I stood there listening to a story I’d already heard a few years before, knowing it to be mostly true, coming from a man not sure it it wasn’t just a myth started by a bored laborer at the bar some years back. The man went on to describe the “legend” quite well. As I listened, I struggled desperately to keep my mouth shut and not add this or that little tidbit of detail apparently lost in the many retellings. Still and all, his version was surprisingly accurate, though somewhat more colorful than the first telling I’d heard. This was mostly due to the profanity the supervisor used to tell it. I figured it was probably necessary. A measure of translation was likely in order for some of these men. They had gone quiet, and seemed to lean in with wonder at the possibility of it’s truth The way the teller softened his voice reciting the conversation Kathy had with the man, then boomed exclamation at the sighting of some guy in a Batman costume streaking in and out of sight in the middle of a hay field. His ending was as expected,… “so he jumped in his rig and got the hell out of there!” I felt an unheard sigh before the laughter came, and I briefly wondered if it wasn’t the hush of satisfaction as they digested a tale very well told,… but then the questions came.

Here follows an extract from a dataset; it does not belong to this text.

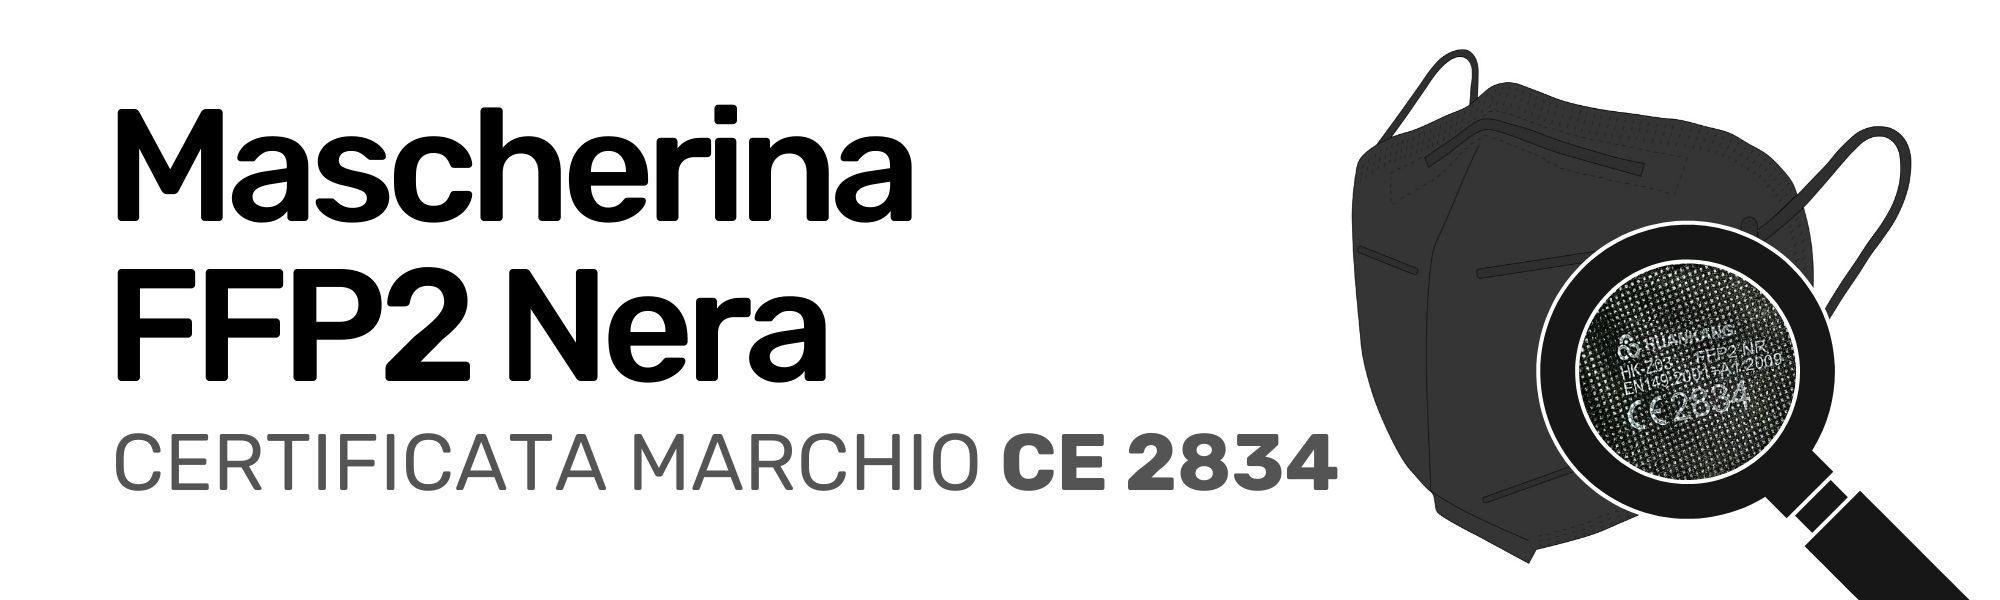 Mascherina FFP2 Certificata CE 2834

Oh, there were some legitimacy issues, and some concern over local old timers spreading fictitious tales for their own amusement. It’s no secret some of the locals aren’t above such things. The supervisor simply raised his hands with a big smile on his face and said, “Gentlemen! That’s the way I heard it. You make of it what you will.”
Yes, the story had become a bit more incredible than I knew to be true, but it was still essentially what had happened, and so I found no objection with it. I doubt any imagination could make Jacob more interesting than he already is anyway.
Everyone had finally gone silent. There’s always a small gap after the laughter trails off that can easily become awkward if it isn’t quickly filled up. It was the moment I’d been quietly waiting for. For the first time since joining this circle of men I spoke up. I said, “Yeah,… it’s all true. Batman is my brother in law!”